Tirante el Blanco y Los siete libros de Diana


Otros de los pocos libros de don Quijote que se salvaron de la quema fueron Tirante el Blanco de Joanot Martorell y La Diana de Jorge de Montemayor. Así lo dice el capítulo sexto de “El ingenioso hidalgo…”

"Y, sin querer cansarse más en leer libros de caballerías, mandó al ama que tomase todos los grandes y diese con ellos en el corral. (…) Por tomar muchos juntos, se le cayó uno a los pies del barbero, que le tomó gana de ver de quién era, y vio que decía Historia del famoso caballero Tirante el Blanco.

—¡Válame Dios —dijo el cura, dando una gran voz—, que aquí esté Tirante el Blanco! Dádmele acá, compadre, que hago cuenta que he hallado en él un tesoro de contento y una mina de pasatiempos. Aquí está don Quirieleisón de Montalbán, valeroso caballero, y su hermano Tomás de Montalbán, y el caballero Fonseca, con la batalla que el valiente de Tirante hizo con el alano, y las agudezas de la doncella Placerdemivida, con los amores y embustes de la viuda Reposada, y la señora Emperatriz, enamorada de Hipólito, su escudero. Dígoos verdad, señor compadre, que por su estilo es este el mejor libro del mundo: aquí comen los caballeros, y duermen y mueren en sus camas, y hacen testamento antes de su muerte, con estas cosas de que todos los demás libros deste género carecen. Con todo eso, os digo que merecía el que le compuso, pues no hizo tantas necedades de industria, que le echaran a galeras por todos los días de su vida. Llevadle a casa y leedle, y veréis que es verdad cuanto dél os he dicho.

—Así será —respondió el barbero—, pero ¿qué haremos destos pequeños libros que quedan?

—Estos —dijo el cura— no deben de ser de caballerías, sino de poesía.

Y abriendo uno vio que era La Diana de Jorge de Montemayor, y dijo, creyendo que todos los demás eran del mesmo género:

—Estos no merecen ser quemados, como los demás, porque no hacen ni harán el daño que los de caballerías han hecho, que son libros de entretenimiento sin perjuicio de tercero.

—¡Ay, señor! —dijo la sobrina—, bien los puede vuestra merced mandar quemar como a los demás, porque no sería mucho que, habiendo sanado mi señor tío de la enfermedad caballeresca, leyendo estos se le antojase de hacerse pastor y andarse por los bosques y prados cantando y tañendo, y, lo que sería peor, hacerse poeta, que según dicen es enfermedad incurable y pegadiza."

Aquí os dejo el trailer de la película "Tirante el Blanco" que rodó recientemente Vicente Aranda.

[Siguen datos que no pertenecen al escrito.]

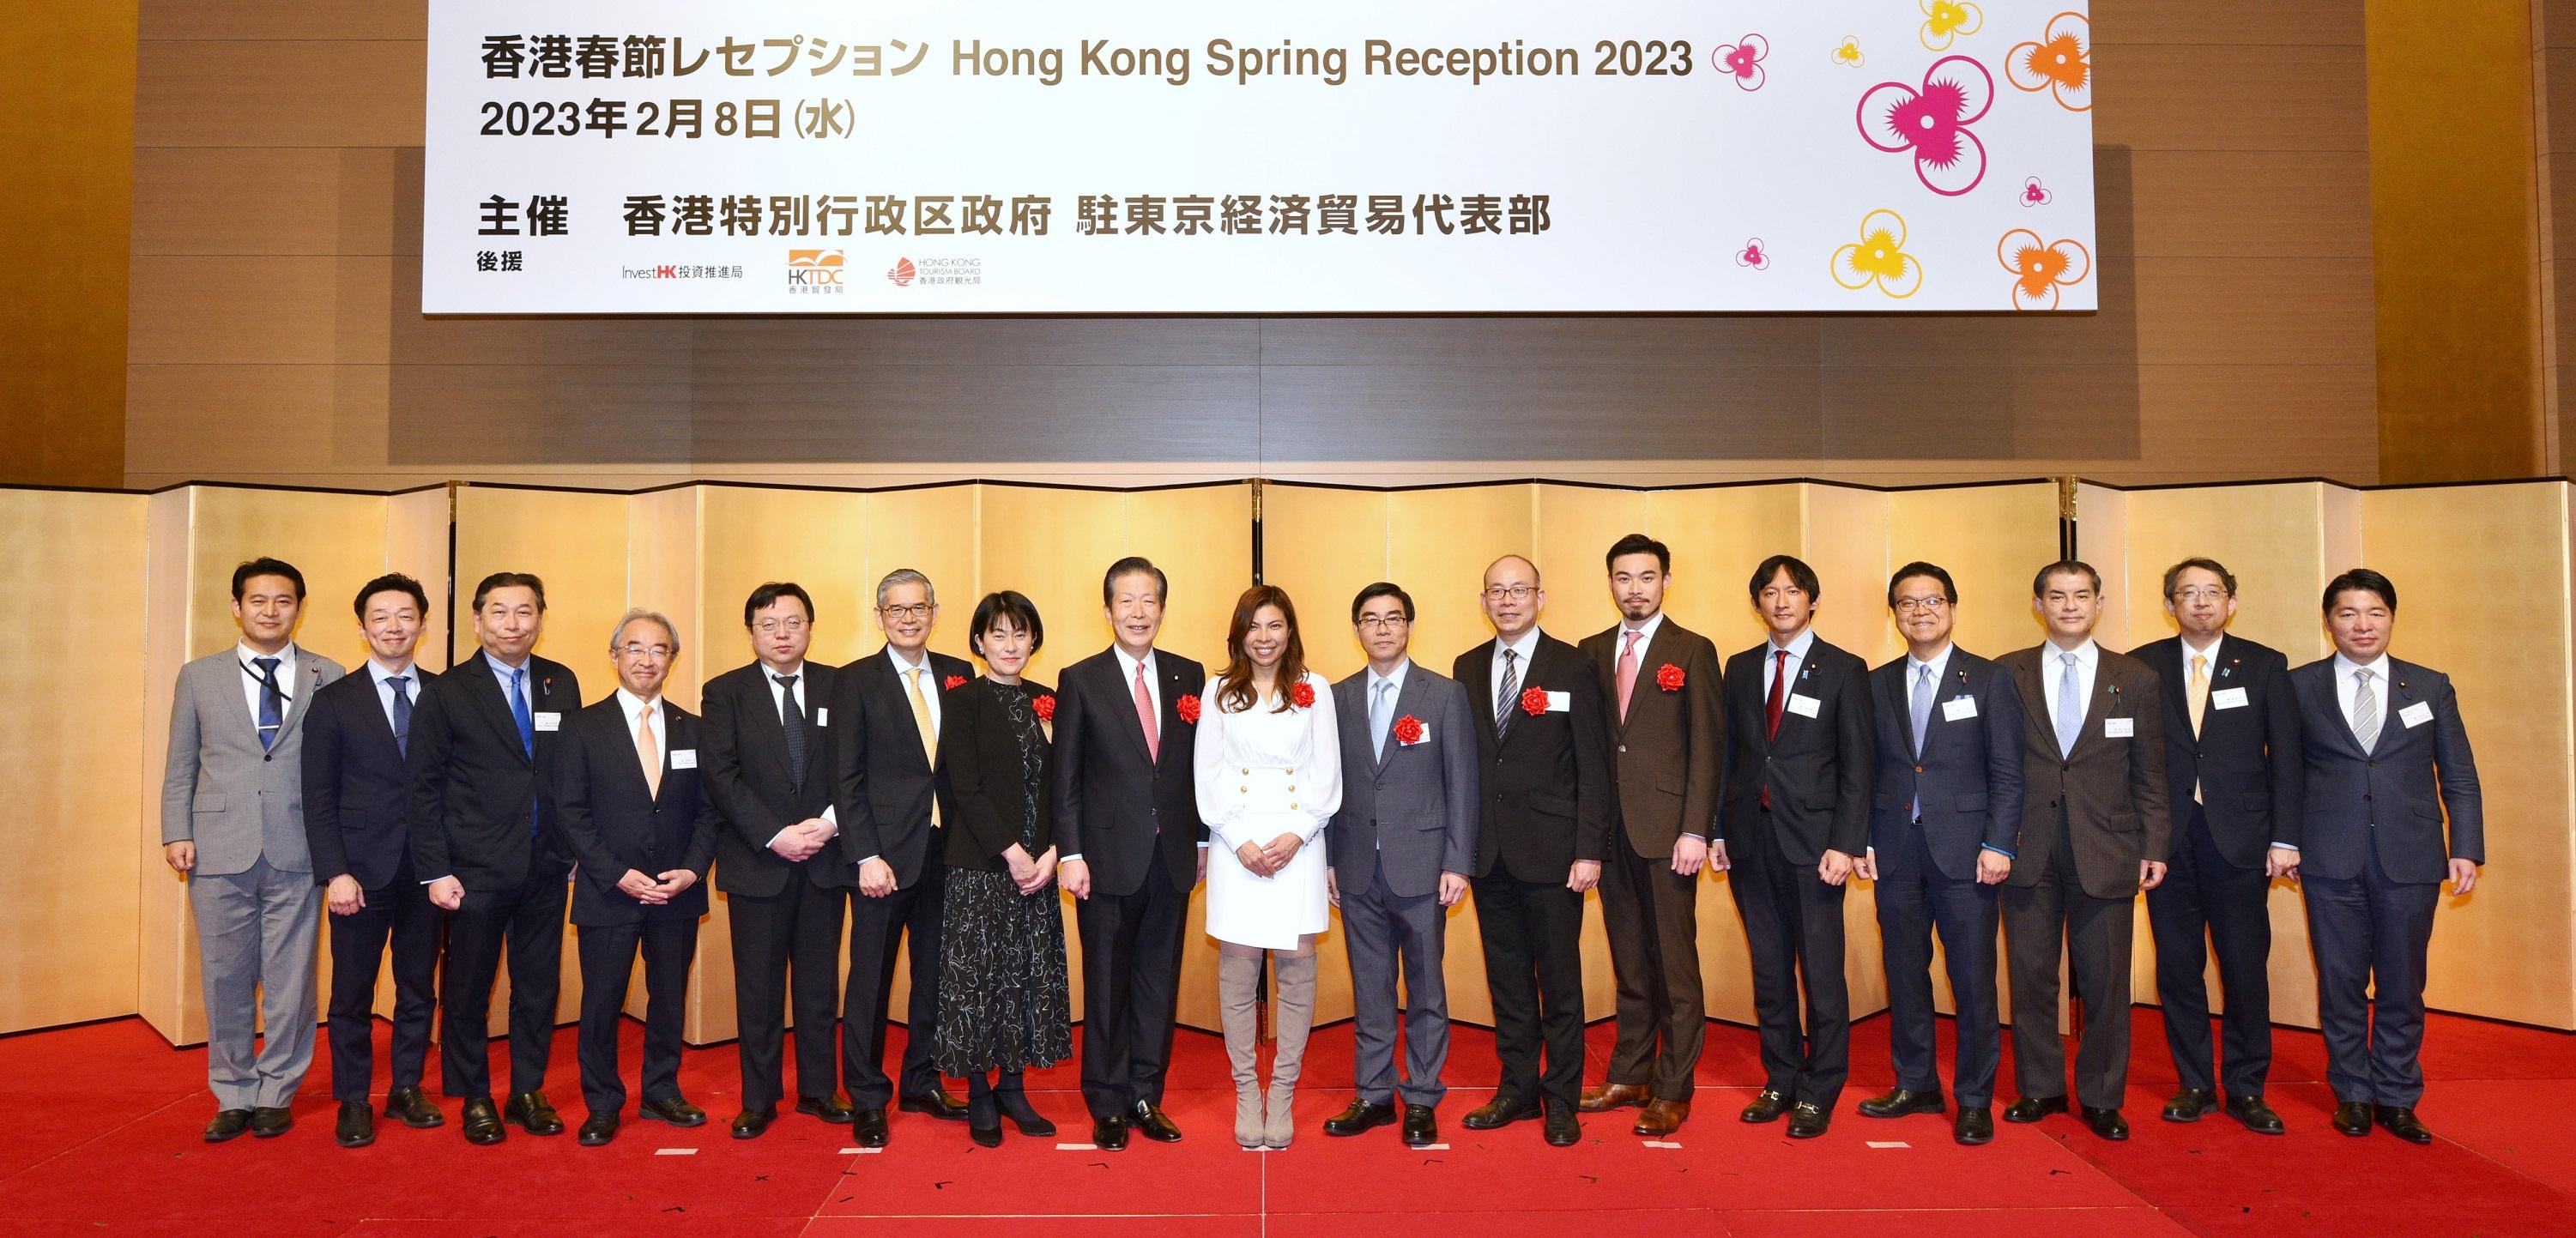 The Acting Principal Hong Kong Economic and Trade Representative (Tokyo), Miss Winsome Au (centre); the Minister of the Embassy of the People's Republic of China in Japan, Mr Shi Yong (eighth right); Japan National Diet Members and other guests are pictured at the spring reception held by the Hong Kong Economic and Trade Office (Tokyo) today (February 8).

La ruina de Alonso Quijano: El Amadís de Gaula


La popularidad de los libros de caballería entre la población del siglo XVI era ciertamente desmedida. A falta de televisión u otros medios audiovisuales, se practicaba la lectura en grupo en voz alta de los libros, habilidad hoy ausente entre los escolares de la ESO. Francisco de Portugal relata, en 1670, la siguiente anécdota sucedida en un hogar donde seguían con gran interés las aventuras de Amadís de Gaula.
Vino un caballero muy principal para su casa y halló a su mujer, hijas y criadas llorando; sobresaltose y preguntoles muy acongojado si algún hijo o deudo se les había muerto. Respondieron ahogadas en lágrimas que no. Replicó más confuso:
-Pues, ¿por qué lloráis?
Dijéronle:

-Señor ,
¡ hase muerto
Amadís !
El impacto sería comparable al duelo que se desencadenó entre los seguidores del culebrón “Sin Tetas no hay paraíso” cuando murió el carismático personaje conocido como el Duque. Amadís de Gaula fue un gran héroe literario del siglo XVI, con un tirón comparable al de James Bond o Harry Potter. ¿Quién no deseaba abandonar el hastío cotidiano, la limitación de medios culturales, económicos o simplemente alimenticios, y echar la imaginación a volar?
Cuenta Cervantes que un terrateniente ocioso vendió parte de sus propiedades para comprar libros de caballerías con que combatir su aburrimiento. Poco tiempo después, unos furibundos críticos literarios expurgaron su biblioteca de lo que en su mayor parte eran libracos de poco fundamento. Entre los pocos libros que se libraron de la pira estaba precisamente el Amadís de Gaula de Garci Rodríguez de Montalvo. Así lo cuenta el manco de Lepanto:
"Y el primer libro que maese Nicolás le dio en las manos fue Los cuatro de Amadís de Gaula, y dijo el cura:
—Parece cosa de misterio esta, porque, según he oído decir, este libro fue el primero de caballerías que se imprimió en España, y todos los demás han tomado principio y origen deste; y, así, me parece que, como a dogmatizador de una secta tan mala, le debemos sin escusa alguna condenar al fuego.
—No, señor —dijo el barbero—, que también he oído decir que es el mejor de todos los libros que de este género se han compuesto; y así, como a único en su arte, se debe perdonar.
—Así es verdad —dijo el cura—, y por esa razón se le otorga la vida por ahora. Veamos esotro que está junto a él.
—Es —dijo el barbero— Las sergas de Esplandián, hijo legítimo de Amadís de Gaula.
—Pues en verdad —dijo el cura— que no le ha de valer al hijo la bondad del padre. Tomad, señora ama, abrid esa ventana y echadle al corral, y dé principio al montón de la hoguera que se ha de hacer.
Hízolo así el ama con mucho contento, y el bueno de Esplandián fue volando al corral, esperando con toda paciencia el fuego que le amenazaba."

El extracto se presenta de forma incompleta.